Près de ma maison, il y avait un puits sans fond.
Qu’est-ce que j’ai pu rêver, enfant,
Assis sur ses pierres de schiste,
Froides et bleutées comme la nuit.
J’imaginais dans l’obscurité humide
Une vie primitive et rampante,
Quelque bête d’un autre âge,
Ou un dragon sorti de la préhistoire.
Mais j’avais beau me pencher, je ne voyais jamais rien.

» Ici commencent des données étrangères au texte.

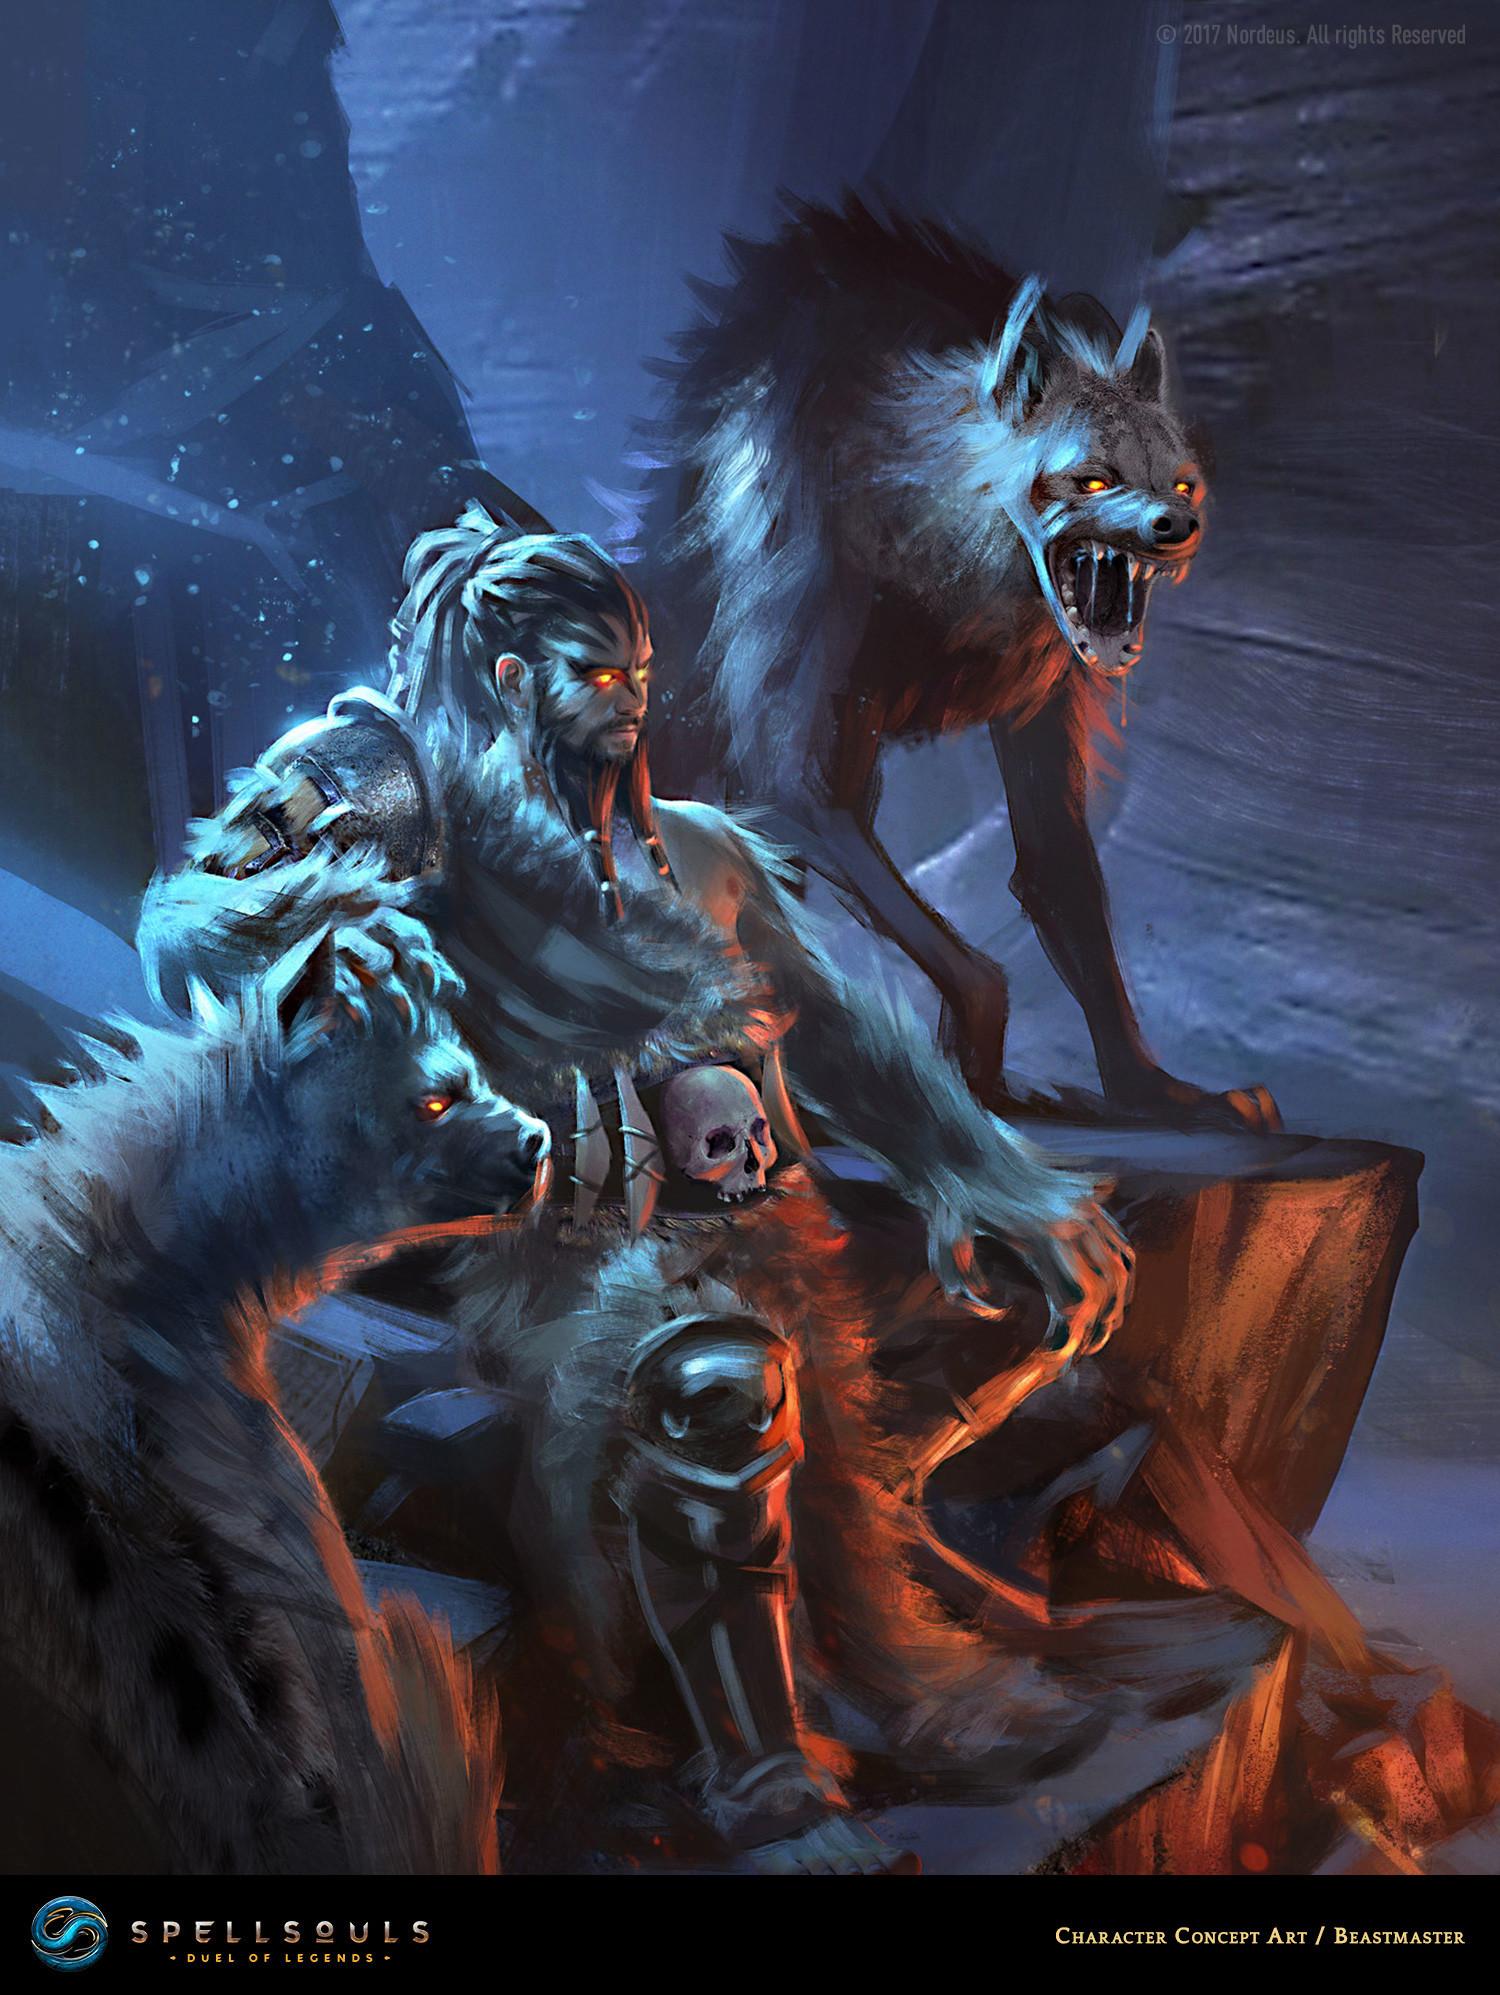 Resultado de imagem para beastmaster characters
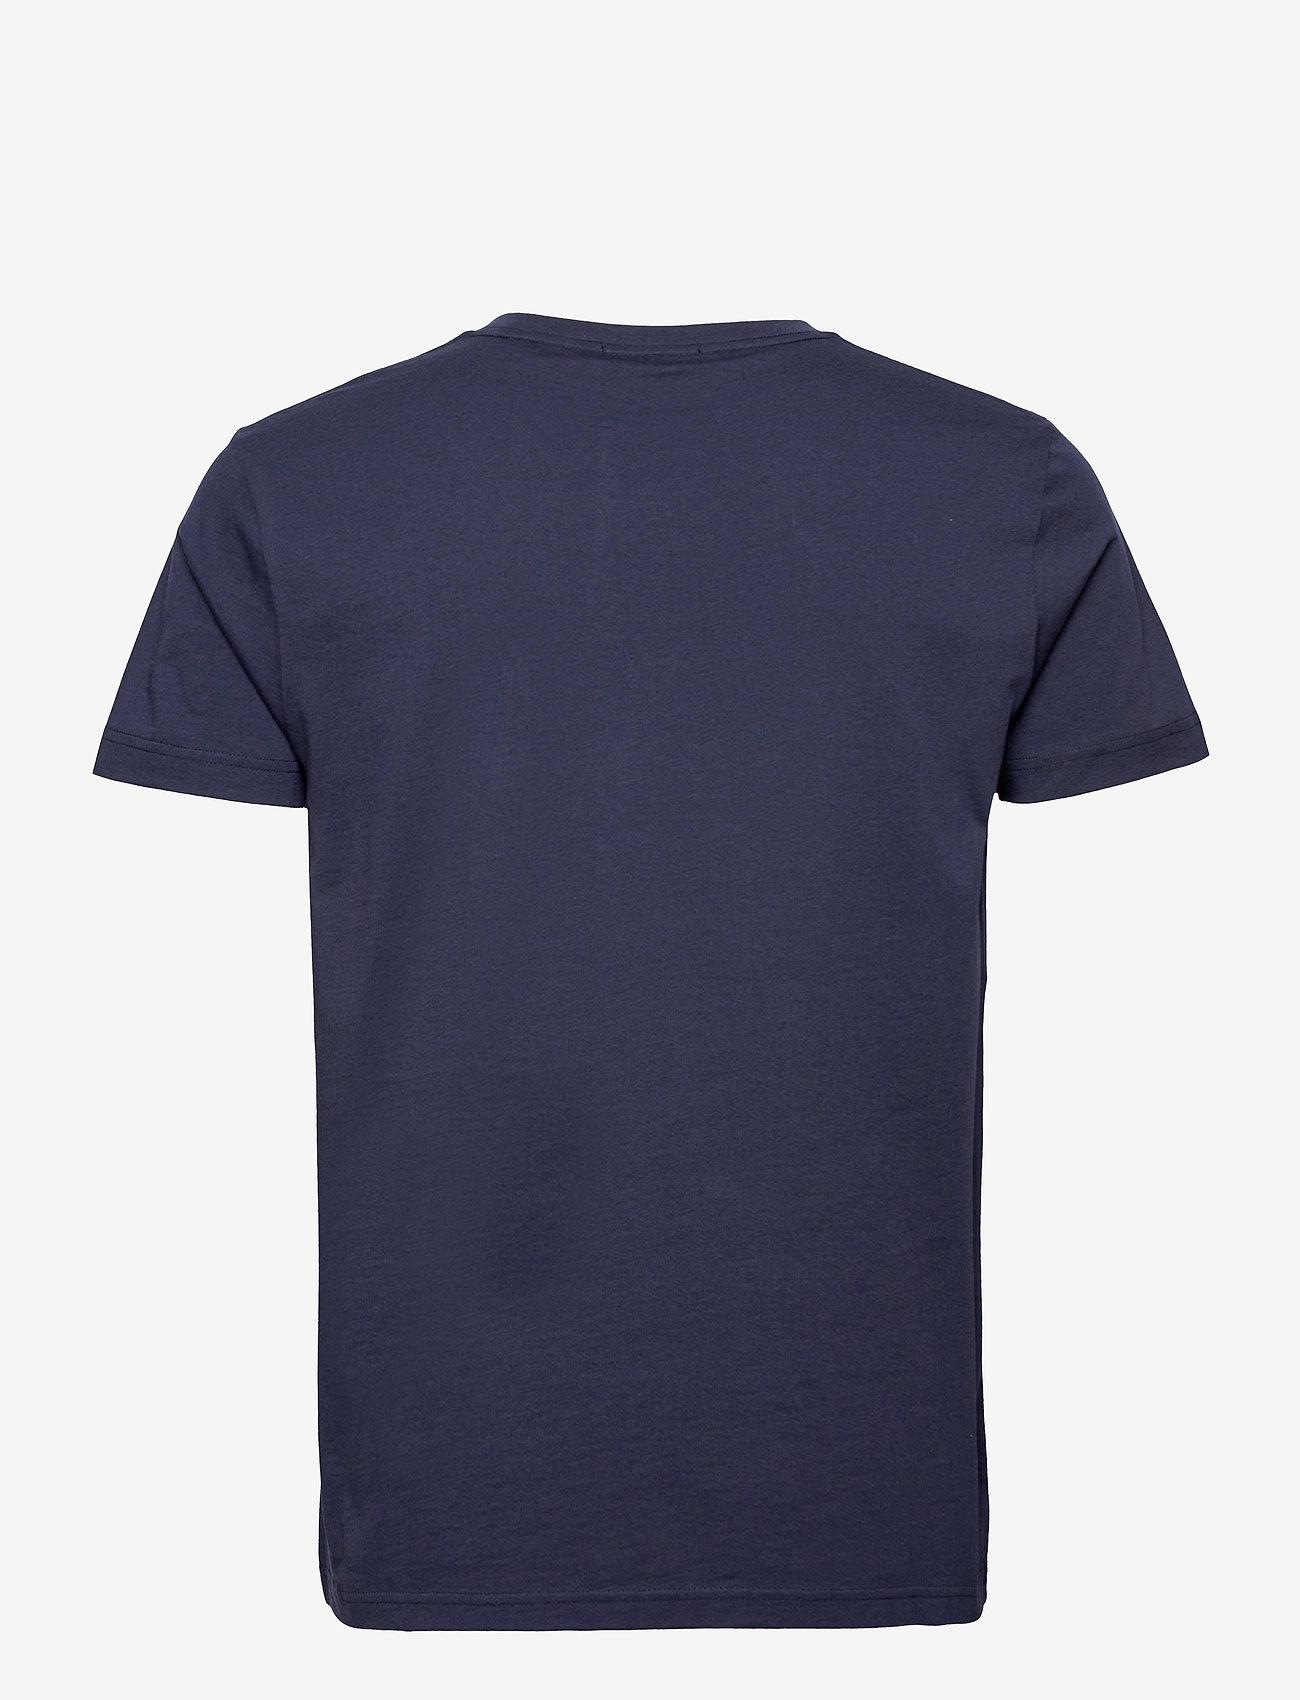 GANT - PRIDE. SS T-SHIRT - short-sleeved t-shirts - classic blue - 1

Rien qu’un gouffre profond au-dessus duquel je criais
Ma peur de tomber, ma peur de mourir.
Et l’écho répercutait ma voix à l’infini,
La déformant au point de la faire ressembler
A ces cris étranges des bêtes d’autrefois.
S’engageait alors un dialogue insensé où à mes questions
On répondait gravement des choses étranges et belles.
Une nuit, n’y tenant plus, j’ai quitté ma chambre
Et me suis approché, pieds nus, du puits mystérieux.
La lune était enfouie derrière les arbres de la grande forêt,
L’obscurité était totale et ma peur à son comble.
Je me suis penché, le ventre nu, sur la pierre froide et coupante.
En bas, tout en bas, les voix poursuivaient, seules, leur dialogue d’outre-tombe.